Tedros Adhanom Ghebreyesus, the director general of the World Health Organization, said on Tuesday that aid workers had found bodies covered by only rough plastic sheets or partially buried under mounds of dirt. He said they were making sure that bodies found at the hospital “were given fuller burials on site or at a nearby area.”

“When the dead are buried properly, they can be identified later with forensic examinations, giving loved ones some consolation,” Dr. Ghebreyesus said. “This war is a moral failure of humanity.”

Israeli officials have said that their forces raided Al-Shifa last month because remnants of Hamas’s military wing had regrouped there after Israel’s withdrawal in January.

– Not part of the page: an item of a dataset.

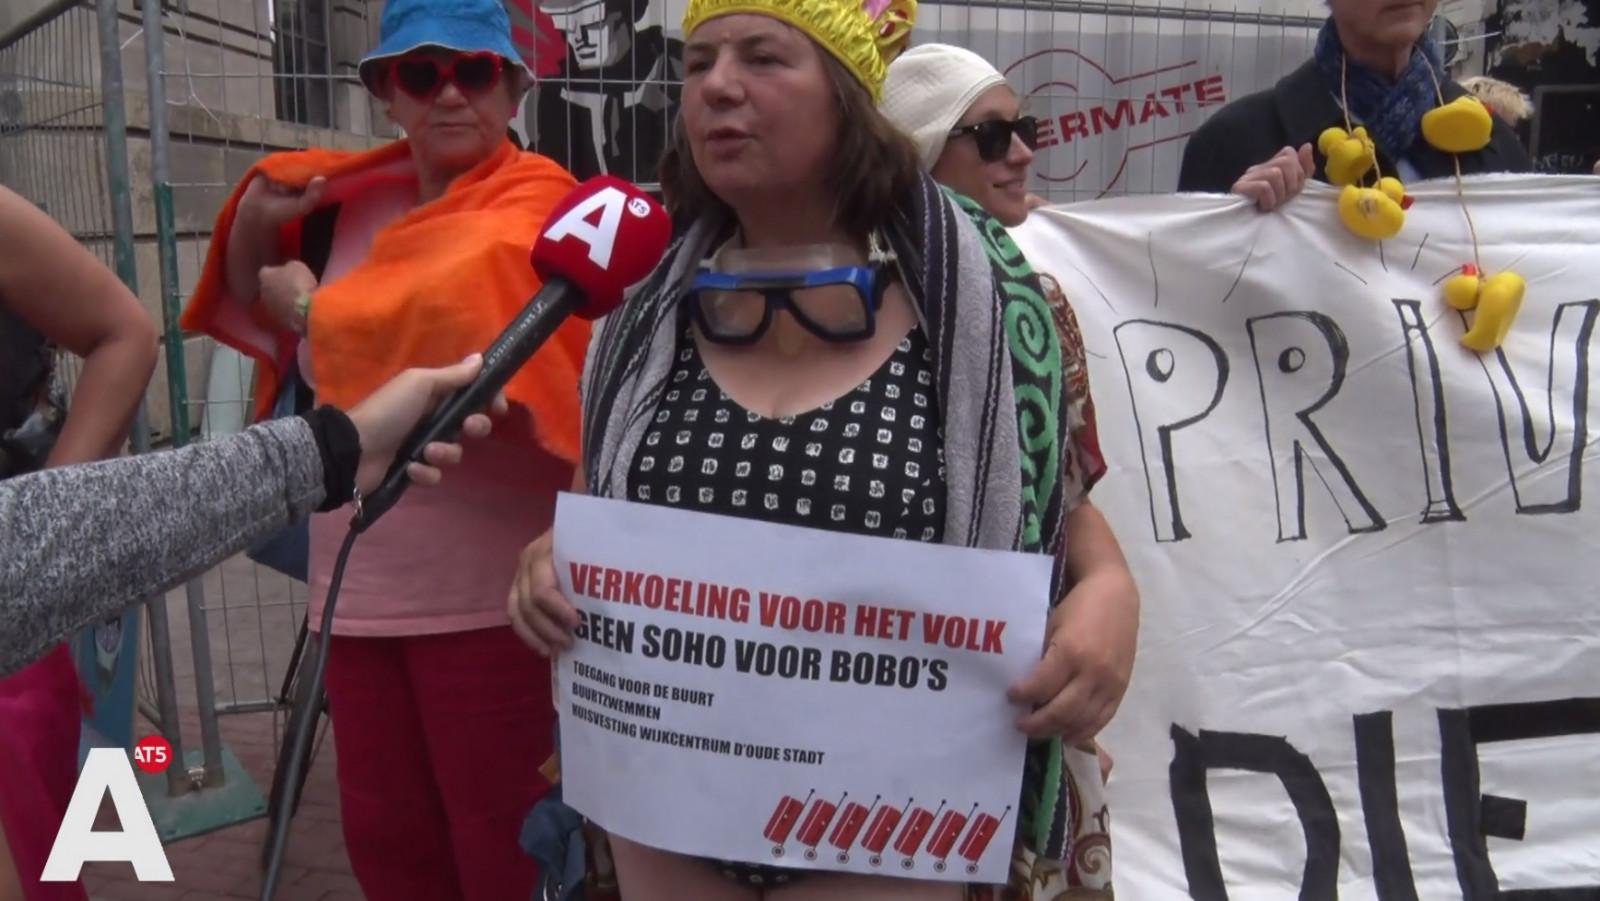 Badpak Zwemmen.Demonstranten In Badpak Verzamelen Zich Voor Soho House Wij Gaan

That reflects what some analysts have argued is a strategic failure: Israel has been unwilling to administer captured territory in Gaza, but has also been unwilling to turn it over to a non-Hamas Palestinian group. That has created the kind of power vacuum in which militant groups can thrive.

Gazan officials have said that hundreds of civilians were killed in the raid, an accusation that Israel has denied. It says the Israeli military killed about 200 fighters and captured 500 more. The New York Times has not been able to independently verify either account.

In a video posted online by Dr. Ghebreyesus, aid workers can be seen picking through the rubble of the hospital and removing at least two bodies.

Dr. Mustasem Salah, a Gazan medical official, says in the video that identifications have been done in part by using wallets or other identifying possessions found on the bodies.

“The psychological impact of the scene on the families is unbearable,” he says. “Seeing their children as decomposing corpses, and their bodies completely torn apart, is a scene that cannot be described.”